Modern gas boilers are analogue, seems odd with this digital age, but with the boiler analogue is better.
It is mainly to gain the latent heat from the flue gases, and to do this the return to the boiler needs to be cool enough, so many methods are used to try to allow the boiler to gradually increase or decrease output, if the boiler is switched off, then next time it is switched on, it has to start the adjusting output from scratch again, so the whole idea is to gradually open and close controls.
However, there is a problem, we don't want the boiler to run when not required, so we need a method to tell the boiler all areas are now warm enough, you can switch off.
So for many years the zone valve has been of limited use, as it is a simple on/off, with say 10 zone valves then chances are one will open as another closes, and with my property the flat under the main house rarely used, so turning it completely off makes sense. So there is still a place for a zone valve, but rather limited.
To set up central heating, A1 would cost a fortune, we do see building management systems able to heat and cool each room as required, but the cost of the installation is eye watering high. So we go for the near enough engineering approach, and this is where the water gets quite muddy, as we try to balance cost to install, to cost to run and also how comfortable the home will be.
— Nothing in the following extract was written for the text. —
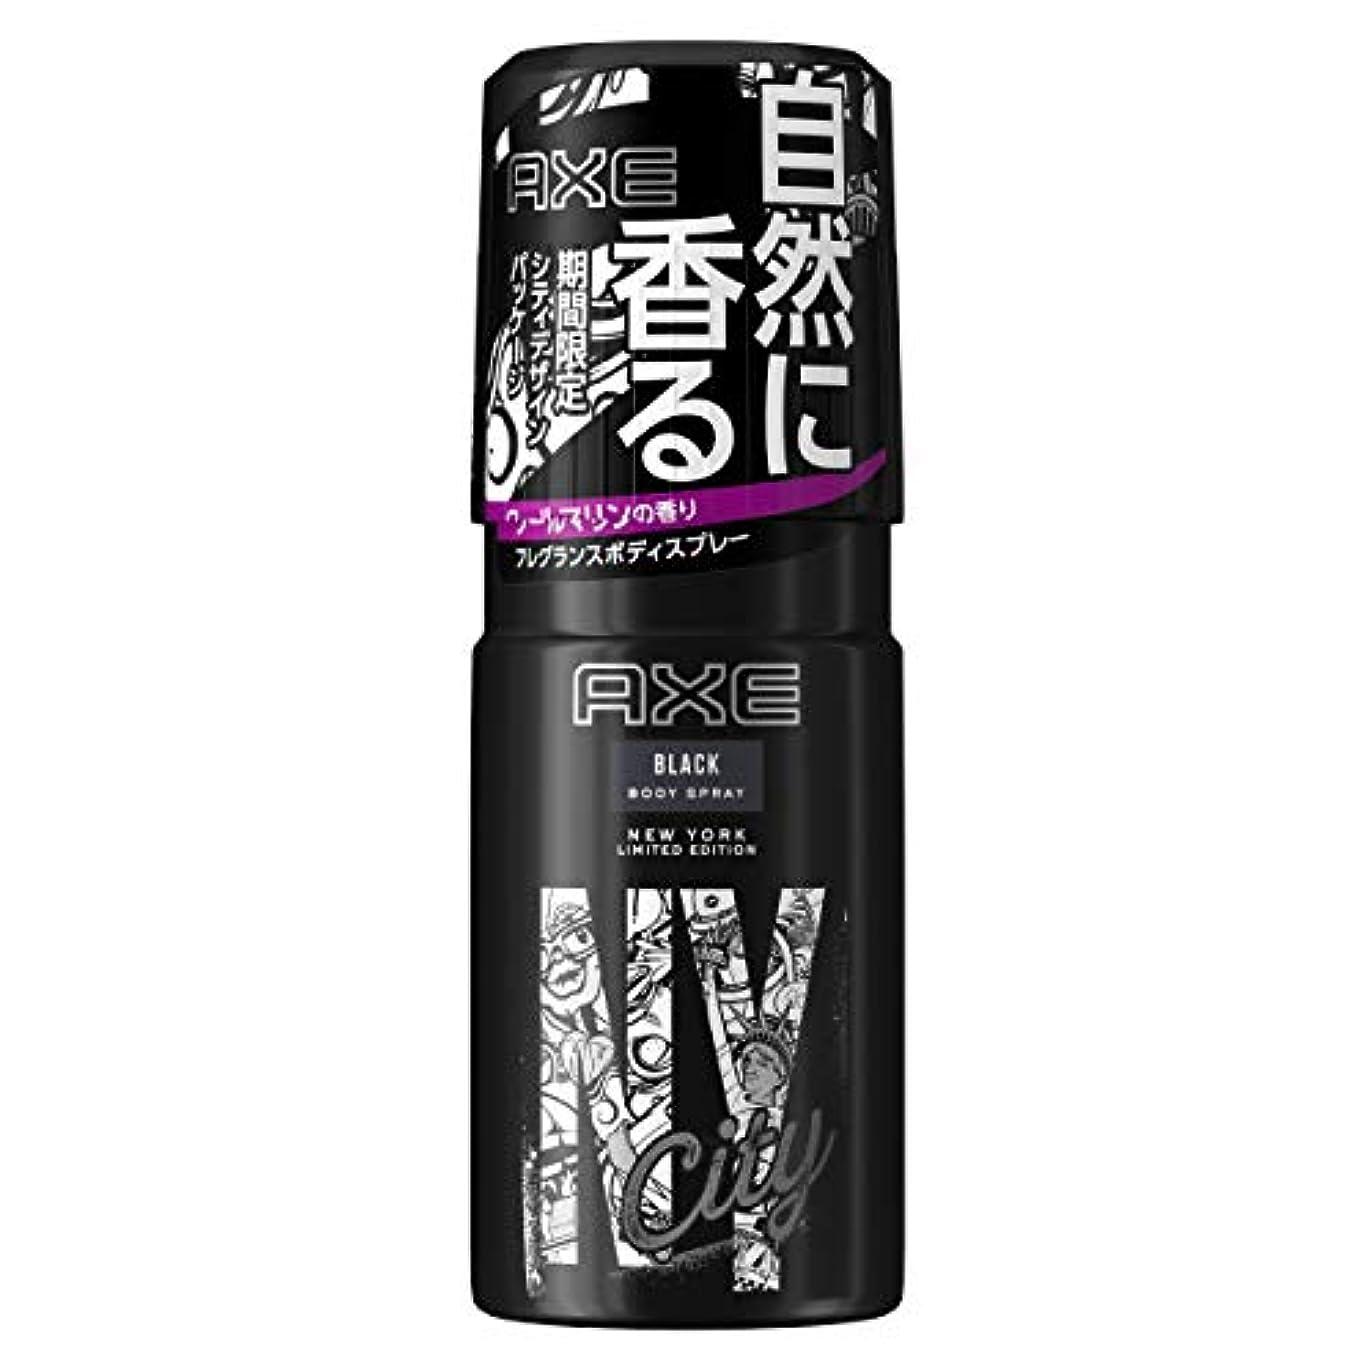 意図カロリー局アックス フレグランス ボディスプレー ブラック 60g (クールマリンのさりげない香り)
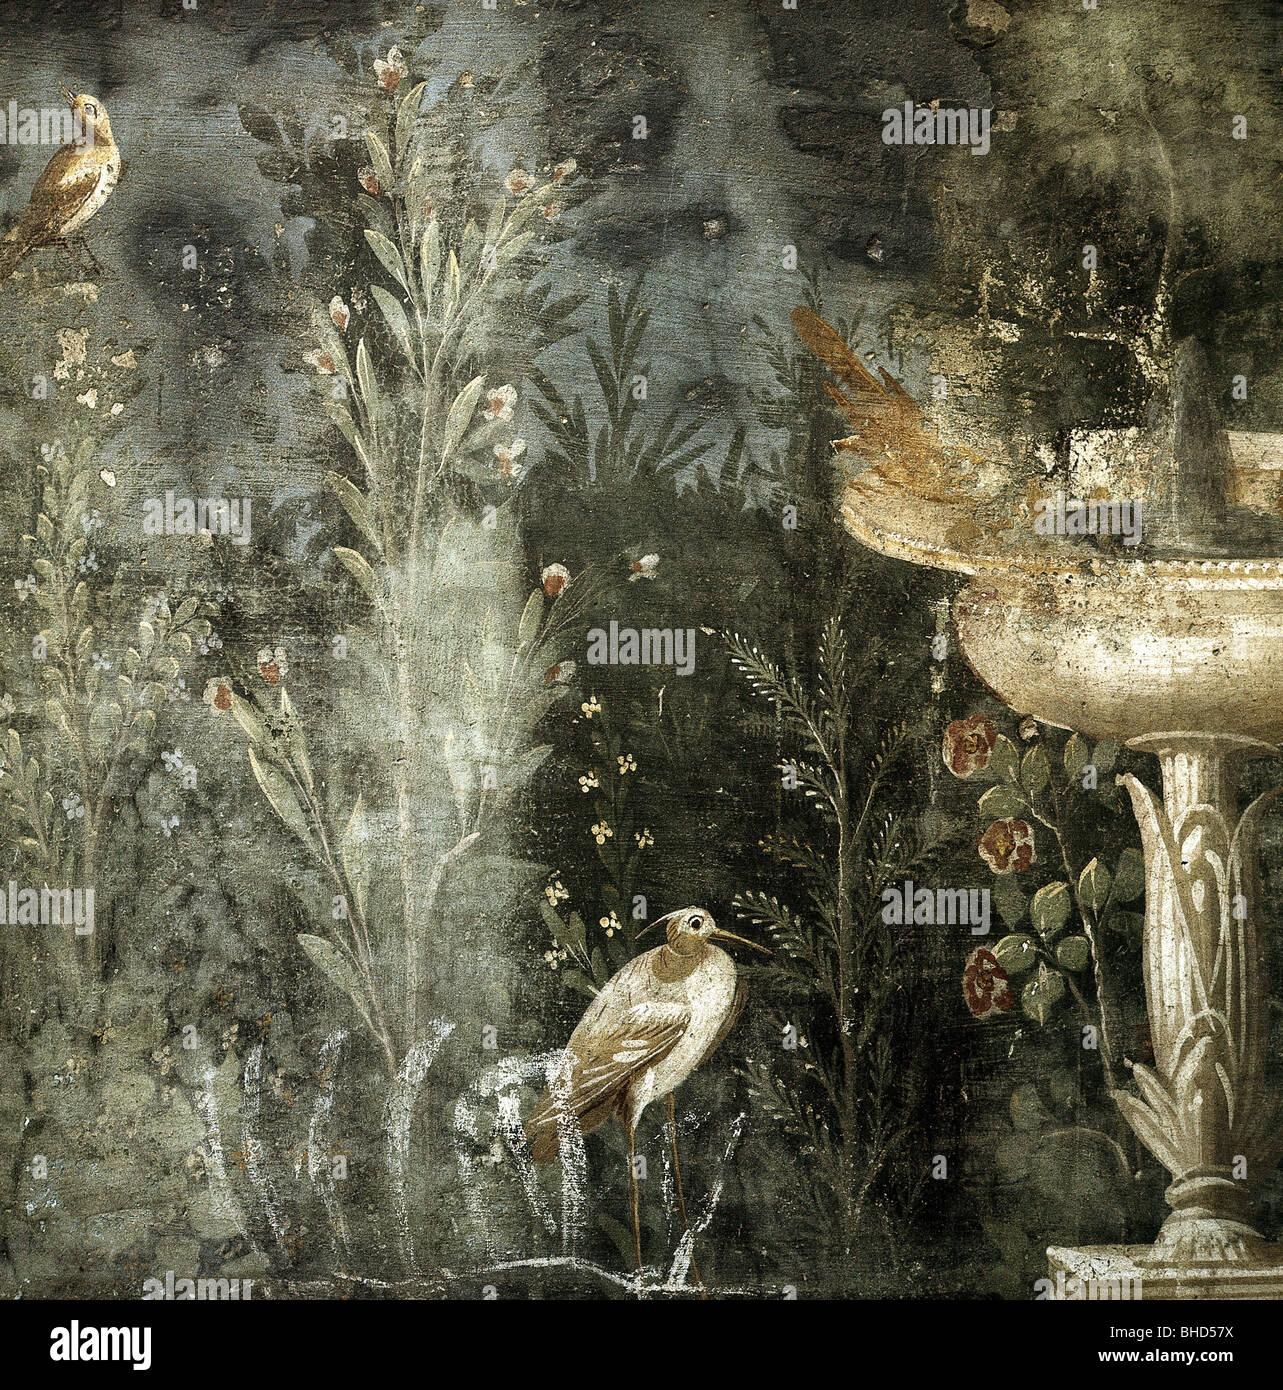 Belas artes, mundo antigo, o Império Romano, Pompeia, detalhe de um fresco, jardim cena, Casa do Venus, Itália, Imagens de Stock

I think Honeywell EvoHome was around the first, but we now have Drayton Wiser, Tado, and others all doing basic the same thing, plus some which were really not designed for the UK systems like Nest, that try to control whole home from one point, but since we don't in the main live in open-plan houses, or have hot air circulating around the house, one point control is in the main useless.
The next is hard-wired v wireless, some systems only work with hard-wired thermostats, I rejected Energenie for my house, as the hard-wire would cost too much.
I don't know how Worcester Bosch controls now work, when I looked at them for late mother's house, they seemed to use just one thermostat, which did not suit her house.
So it is down to the design of your house, there is no one system suits all. A house with doors on the rooms, and radiators on internal walls, linked TRV heads work well, put those radiators on external walls, and often better with wall thermostats, as the cool walls start heating too soon when on external walls.
I have learnt by my mistakes, cheaper to get a heating engineer who can avoid the errors I made, the biggest problem I have had is the sun in the windows, making just some rooms heat up far too much, so want fast reacting TRV's which can turn the heat off fast, and radiators only just warm enough, so they cool down fast. But no two homes are the same.
My mother's house was OK until apple trees cut down to get a caravan in, then too much sun in the bay windows, so it needed multi thermostats to cope with the sun moving around the house, and wind direction.
I fail to see how with a large house how outside sensors will work? As the four walls will have different conditions to cope with, but with our caravan (smallest living space I can think of) the hot air central heating worked A1 with a single thermostat.
All down to the design of your house.